Kocyk Miguel Gouveia 8,1
ocenił(a) na 83 lata temu Są takie historie, do których wracamy po latach. Mam ogromną nadzieję, że ta opowieść od wydawnictwa Kropka będzie właśnie tą wyjątkową.
„Kocyk” autorstwa Miquela Gouveia i Raquel Catalina, to niezwykła historia zaadaptowana z żydowskiej tradycji ustnej. Tu najważniejsze są relacje, uczucia, oddanie, wsparcie, miłość, ufność. Widzimy ogromną wartość podarunku otrzymanego od najbliższych i tą nić ich łączącą.
„Gdy Józef przyszedł na świat, jego dziadek, który był krawcem, podarował mu piękny kocyk”. Chłopiec nigdy nie rozstawał się ze swym prezentem, był dla niego, nie tylko okryciem, ale i płaszczem czy samolotem. Ale upływający czas, nie szczędził najukochańszego kocyka małego Józia i ten był coraz bardziej dziurawy i zniszczony. Mama zasugerowała synkowi, by wyrzucił go, ale kocyk był dla chłopca zbyt cenny, dlatego też udał się po ratunek do mądrego dziadka.
Ten długo dumał, oglądał, mierzył, aż wreszcie Józef usłyszał słowa pełne nadziei, „wiesz Józefie, myślę, że mamy tu wystarczająco dużo materiału, żeby ci uszyć (...)”. Magię tych słów słyszymy parokrotnie w tej pełnej ciepła opowieści,tak więc tytułowy kocyk zmienia swoją postać, ale trwa nadal przy chłopcu, dając ochronę i bezpieczeństwo.
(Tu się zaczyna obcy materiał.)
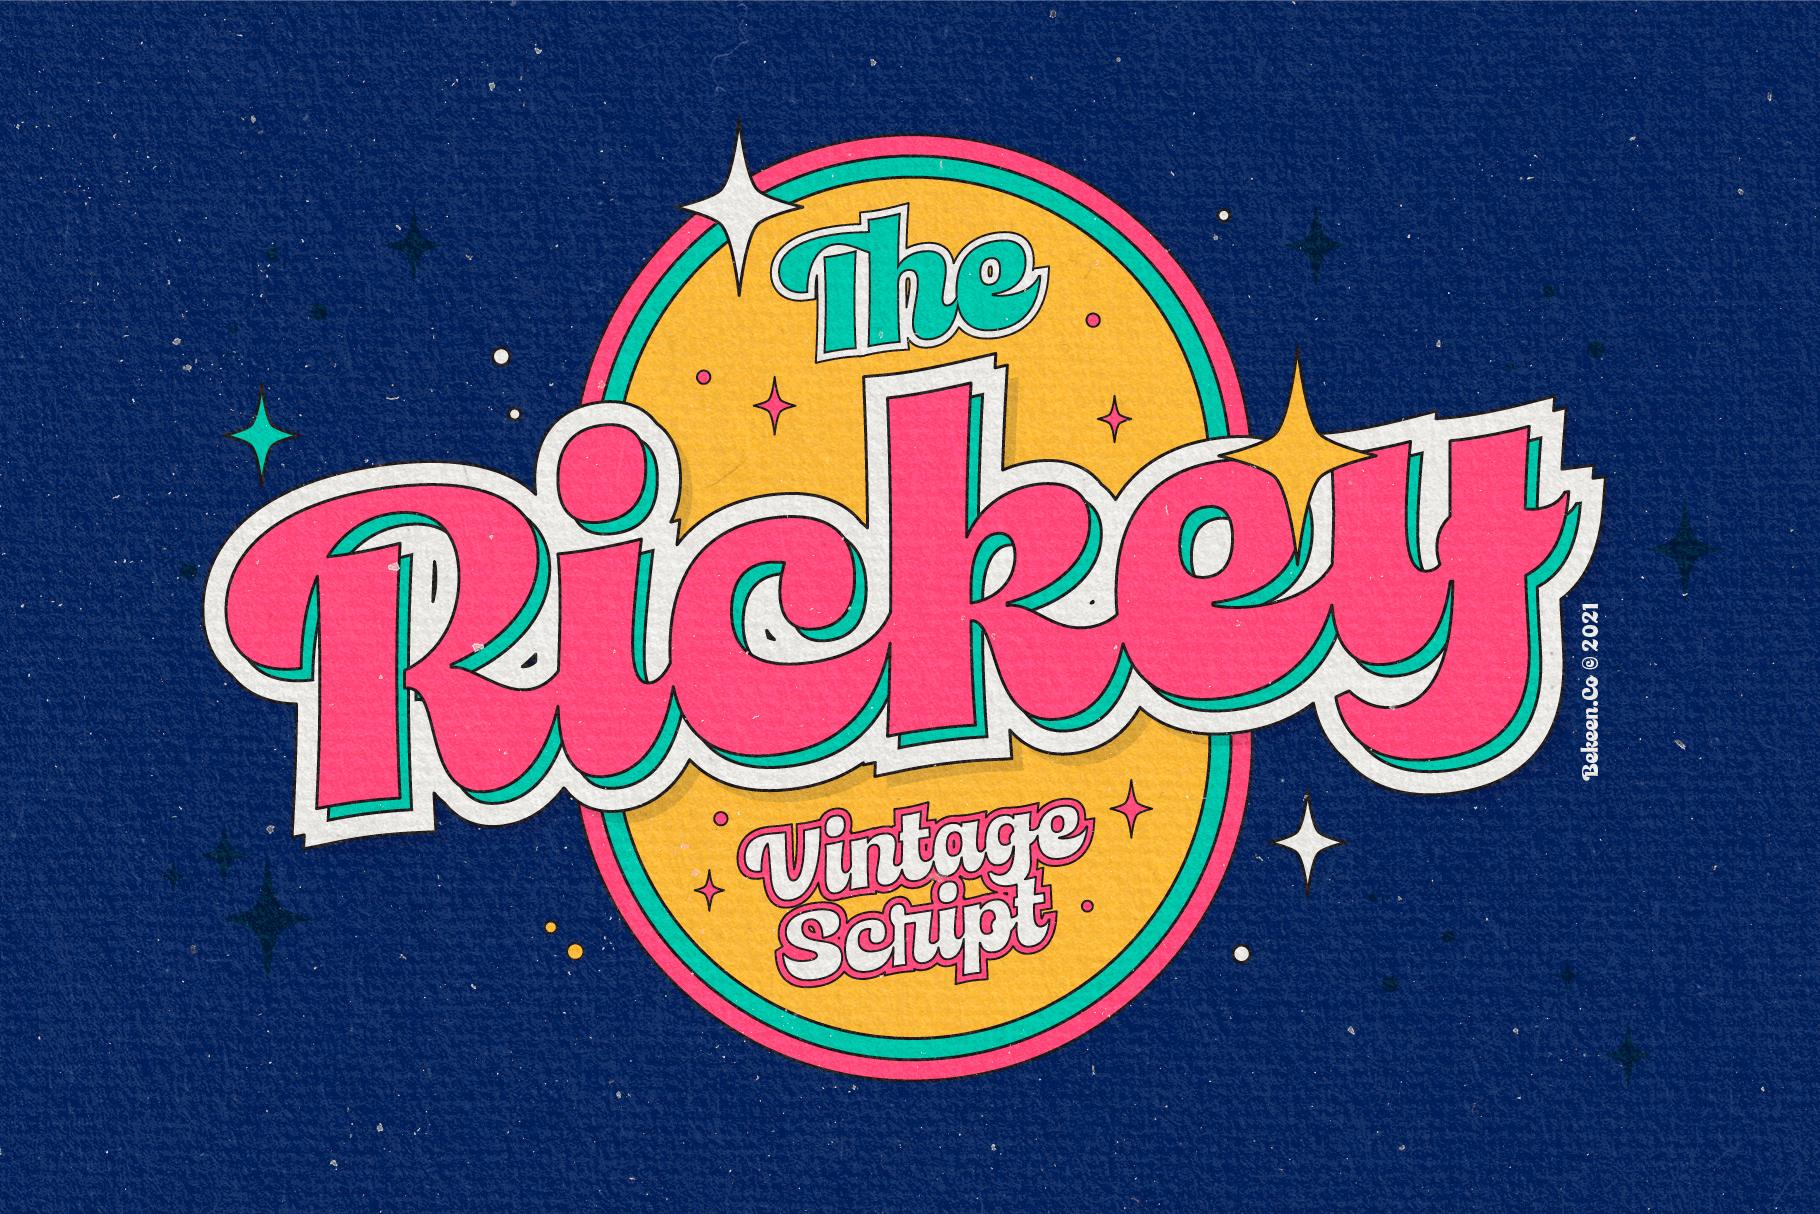 Rickey Font

Ale, ale, moi drodzy tu zakończę swoją opowieść i nie zdradzę nic więcej, a tym bardziej, jak ta historia się kończy.
Czytajcie, wzruszajcie się, płaczcie przy niej, tak jak my. W „Koszyku” prezentowane wartości są bardzo istotne w naszym zabieganym świecie. Gdzie ważny jest szacunek, czułość, zaufanie i takie najszczersze uczucie bezinteresowności.
Moja Pola, jak tylko otworzyłyśmy paczkę z „Kocykiem” od razu zauważyła, że jest w pięknej oprawie. Cudowna materiałowa okładka, nawiązująca do tematyki historii. Zachwyciły nas ilustracje, pełne czułości i ciepła. Poli podobała się historia - pomoc dziadka, jego troska o wnuka. I najważniejsze stwierdziła, że jak widzi tą książkę to poprawia jej się humor.